Our brains are remarkable at perceiving and interpreting inputs in a dynamic environment. The goal of my research is to: a) study, with modern machine learning methods, how brains perform intelligent perception, and b) use these insights to build the next generation of machine learning models that have the same flexibility and robustness to identify meaningful structure from high-dimensional sensory data across different environments. I am particularly interested in machine learning, computer vision and computational neuroscience. Recently, I have been working on generative models, disentanglement (nonlinear ICA), domain adaptation, robustness, topological data analysis and different topics in computational neuroscience.

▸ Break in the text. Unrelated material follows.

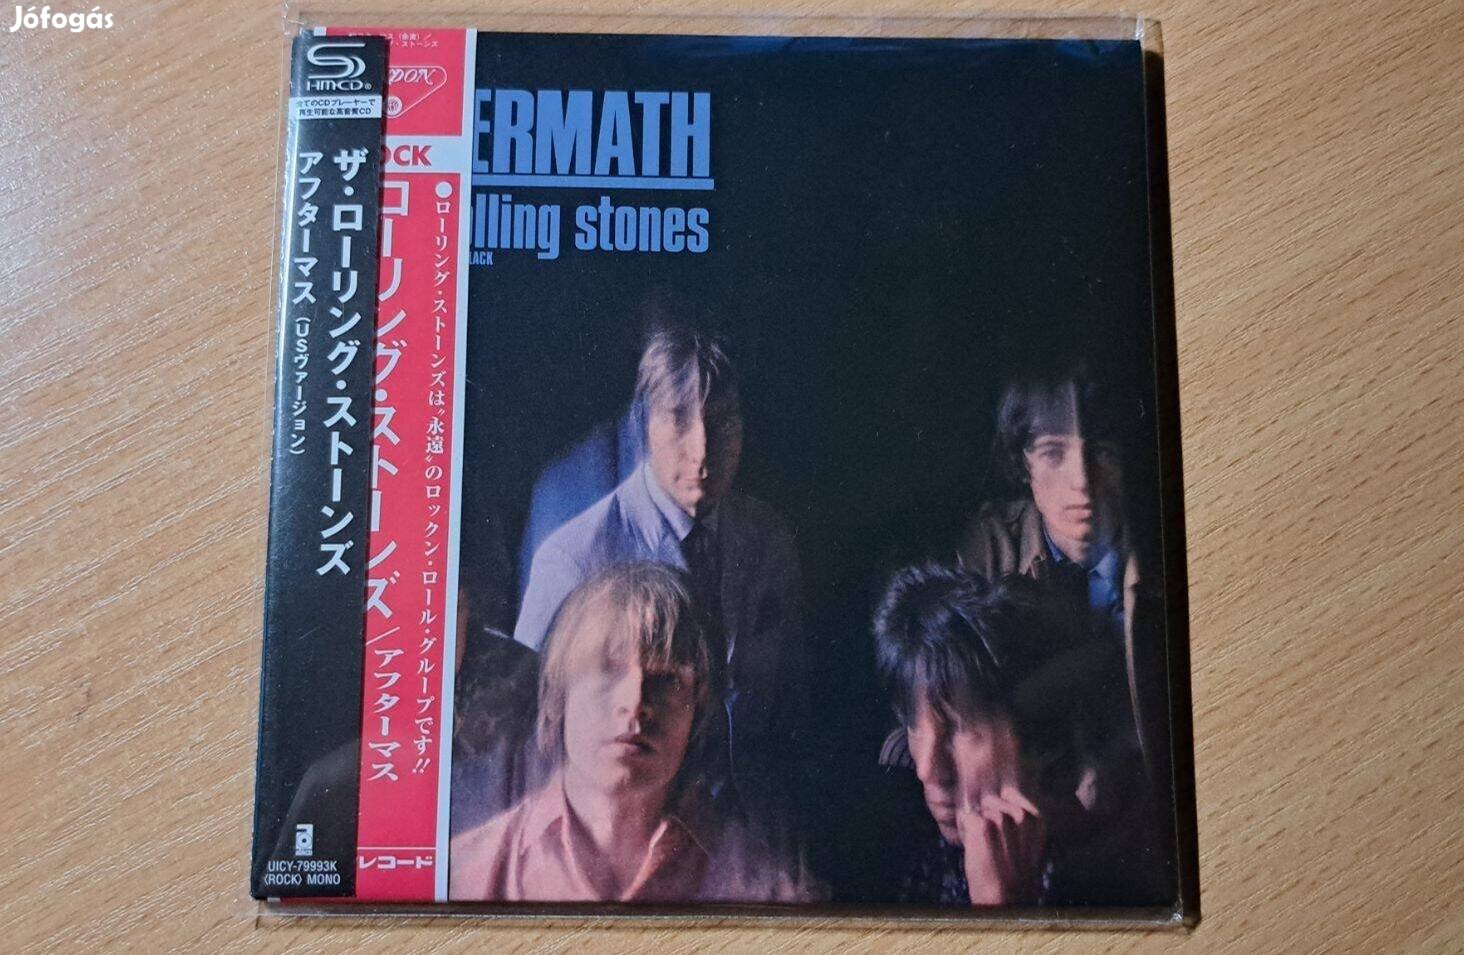 Rolling Stones - Aftermath - CD (bontatlan japán kiadás)

Score-Based Generative Classifiers
Roland Zimmermann, Lukas Schott, Yang Song, Benjamin Dunn, David Klindt*
NeurIPS, 2021, Deep Generative Models and Downstream Applications Workshop
paper

Analysis by synthesis performs classification by using class-conditional likelihoods of a generative model. This has proven adversarially robust on MNIST, but it has been difficult to scale to natural images. In this work, we build on recent advances in score based generative models and show that they can be turned into competitive classifiers on natural images. However, they are no longer robust – inviting further research.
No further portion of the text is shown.